Que la política termina fomentando una especie de neolengua no es ninguna novedad. A menudo es el arte de no llamar a las cosas por su nombre, sino de buscar expresiones que distraigan (por no decir engañen) al auditorio. Se trata, en definitiva, de una guerra de palabras en la que quizás en un pasado contaran las ideas, muertas hoy por inanición. Por no hablar de la coherencia personal, en un ámbito en el que el verbo dimitir sólo se conjuga cuando toca hablar de otros partidos. Nunca del propio. Es inaceptable semejante signo de debilidad personal. Lo grave no es la podredumbre moral, sino su reconocimiento. En este contexto no es de extrañar que nadie se escandalice por decir hoy una cosa y hacer o defender mañana la contraria. Para los que no se cansan de hablar de la Realpolitik es una estrategia necesaria para sobrevivir en el sistema. El problema de todo esto es que al final el lenguaje se vacía de significado, motivo de fondo de una actitud que se termina extendiendo: el descrédito hacia la política.

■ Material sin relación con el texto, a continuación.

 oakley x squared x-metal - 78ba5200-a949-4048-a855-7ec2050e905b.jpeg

Que nadie piense que estoy atacando al gobierno. Lo pasmoso del último año es que la crítica de la incoherencia se puede dirigir contra todos: igual da gobierno que oposición. La situación sería cómica si no tuviera consecuencias serias para una buena parte de la población. A todos nos resulta familiar: el gobierno niega la crisis y tacha de antipatriotas a la oposición que la anuncia y reclama medidas liberales. El tiempo pasa: las reformas se hacen inaplazables, con la presión correspondiente de instancias internacionales. El gobierno que anunció que la salida de la crisis sería social toma decisiones que dañan la cobertura social. Son medidas que encajan con la teoría liberal: la solución a la crisis no será social, sino más capitalista. Se rescatan bancos, y no se escatiman rebajas en sueldos y ayudas sociales. Desde el cheque bebé a los parados de larga duración: todos pagan el pato de la crisis. Al final, la crisis del capitalismo se soluciona con más capitalismo. Que se calmen las aguas y a esperar a la siguiente.

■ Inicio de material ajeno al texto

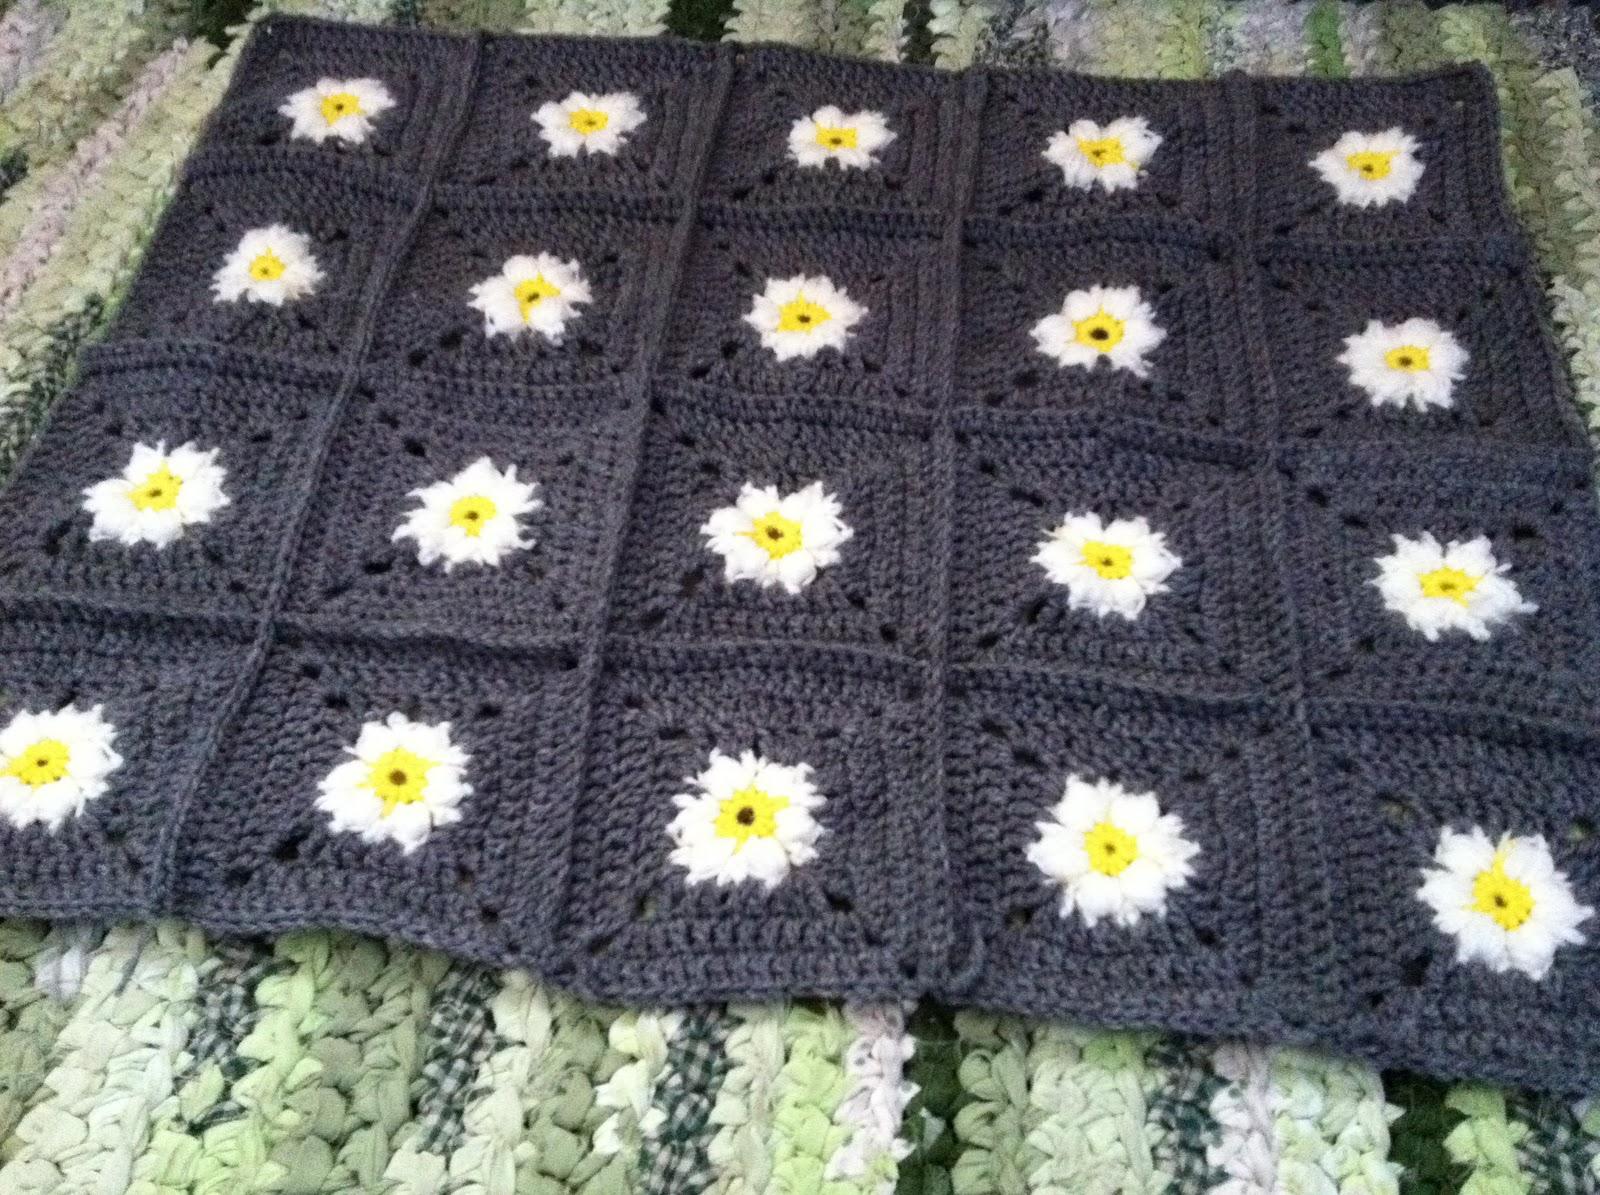 Free Crochet Pattern For Daisy Blanket : Design Adventures: Daisy Square Blanket

Lo sorprendente es que la oposición debería haber aplaudido algunas de las decisiones que tomó el gobierno durante el último año. Se trata de medidas de manual de liberalismo económico. Y sin embargo, siempre se ha encontrado un motivo para poner pegas. Cuando el gobierno es socialista se le critica por serlo. Y cuando es liberal se reniega de lo mismo que se ha defendido en el parlamento. Señal inequivoca de que la oposición no defiende ideas: su fin último es alcanzar el poder. De la misma manera que el gobierno renunció a sus ideas doblegado por las circunstancias económicas. La danza de la contradicción es ejecutada a la perfección por los grandes medios de comunicación, voceros de su amo. Los más cercanos al gobierno se levantaron con ideología liberal, mientras que los diarios más liberales compadecen ahora al parado que no llega a fin de mes. El mismo parado que hace año y medio no trabajaba porque no quería, o al menos así lo pensaba el periódico de turno. La política es un circo, un mero espectáculo en el que sus profesionales y los que les hacen las crónicas parecen batirse en un duelo ideológico que esconde ansias de poder. Así es nuestra democracia: la misma que dentro de unos meses nos llamará a las urnas.